Russia also took another step to strengthen its currency. In the hopes of protecting Russian wealth and against inflation, the CBR purchased gold again on the local metals market following a two year absence.
Monchau, Syz Bank spokesperson said that “another important move was relatively overlooked in the Western media: The Bank of Russia resumed buying gold at a fixed rate of 5,000 rubles per kilogram between March 28th and June 30.”
Monchau pointed out that gold trades in U.S. Dollars, which allows the CBR to link ruble and gold and establish the dollar floor for ruble. A further rise in rubles could increase gold’s price. Russia is the country with the largest stockpile and has been building it rapidly ever since the annexation in 2014.
This move provides additional protection to the Russian economy from liquidity restrictions resulting in further sanctions and the deterioration foreign currency reserves of the country for servicing dollar-denominated loans.
Some improvement is also being noted in closely monitored economic indicators, the Purchasing Managers Index.
After plunging from 48.6 in February to 44.1 in March — with a reading below 50 indicating contraction — April’s figures rose to 48.2. This is mainly due to increased output and shorter supplier delivery times. Goldman Sachs.
Goldman’s Grafe observed that “Russian financial circumstances have improved mainly due to a narrowing CDS spread (credit default Swap) as Russia paid principal/interest on Eurobonds USD.”
Russia wins made payments to holders of two dollar-denominated Russian sovereign bondsThe, which will mature in 2022, 2042, and be worth an aggregate $650m, were issued before May 4, after a grace period of 30 days.

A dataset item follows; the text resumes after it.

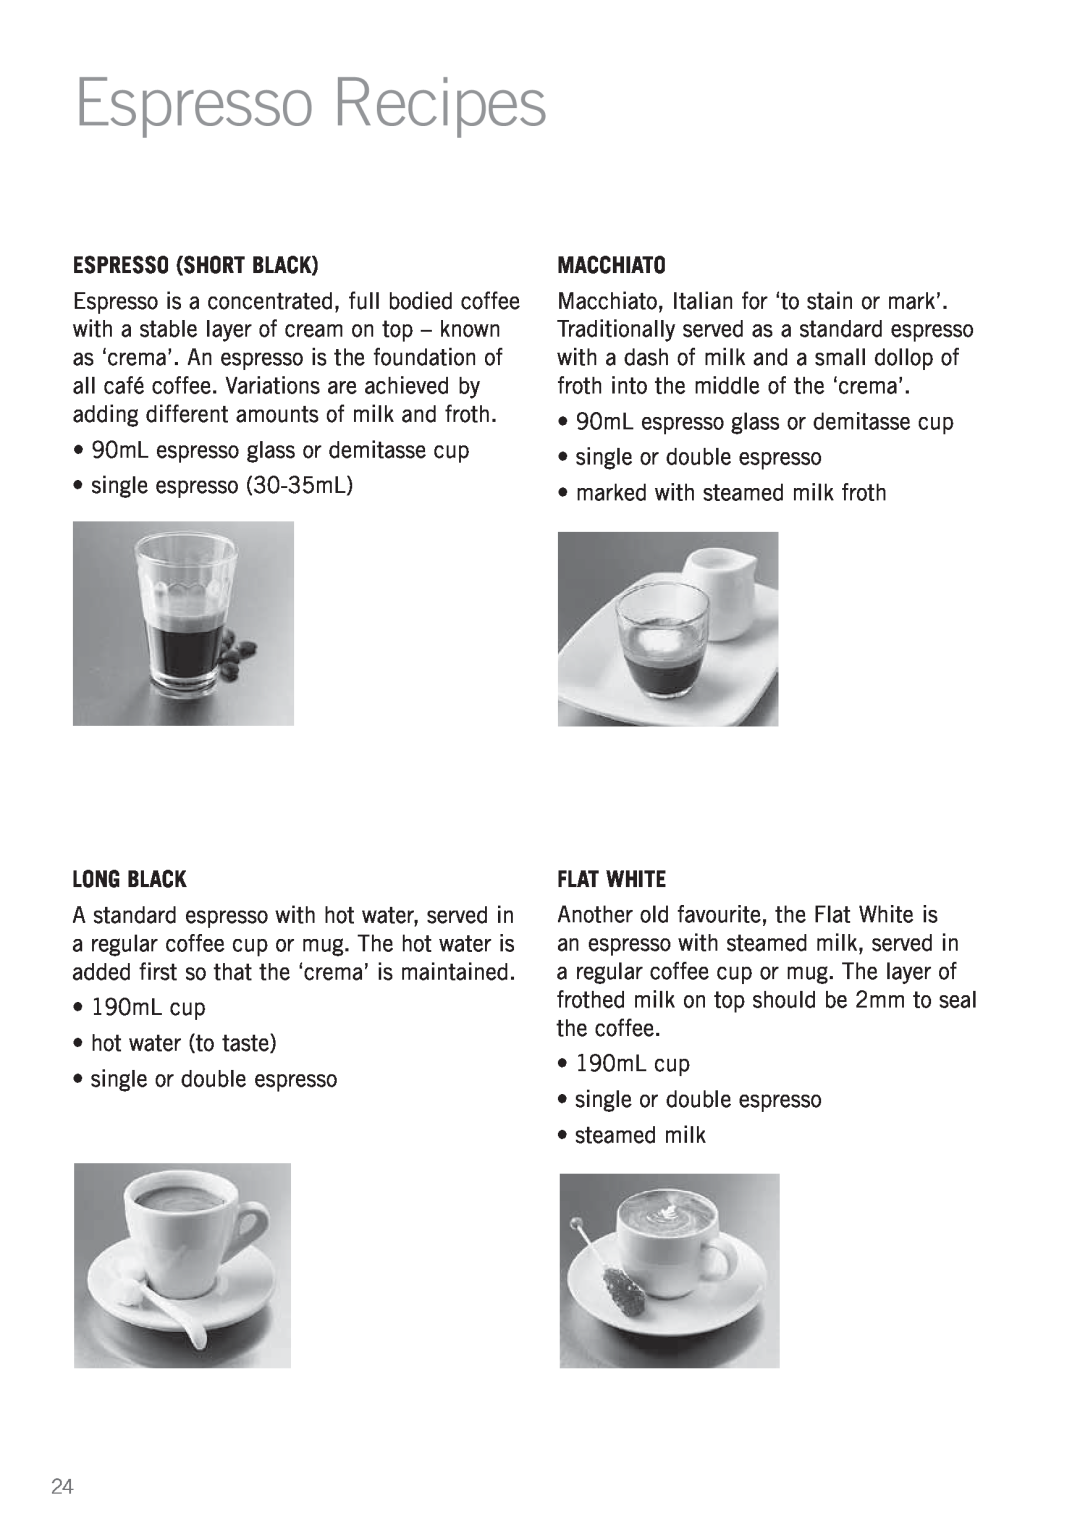 Sunbeam EM6200 manual Espresso Recipes, Espresso Short Black, Long Black, Macchiato, Flat White

However, analysts still warn there’s a high probability of a Russian defaultIn the next 2 years.
The collective improvement in the data has led Russian President Vladimir Putin to claim that the West’s “economic blitzkrieg” — or “lightning war” — had failed.
However, Russia may have prevented an economic crisis, but the longer-term outlook remains dim. The knock-on effects of mitigation and threats to further sanctions are still in place.
Recent surveys by the Central Bank of Russia of over 13,000 companies revealed that many of them were having trouble import goods into Russia.
This included microchips, packaging, and car parts. In addition, some firms are being forced to shut down their factories due to shortages of raw materials, according the survey.
Elina Ribakova was the deputy chief economist of the Institute of International Finance. She told BBC that these “superficial” economic indicators were meaningless to the people who live on the ground. This is where many Russians still worry about job security.
In a separate interview, she said this week that we would see the effects on Russia’s economy if companies run out parts or equipment. Companies will have to begin laying off people or taking unpaid leaves.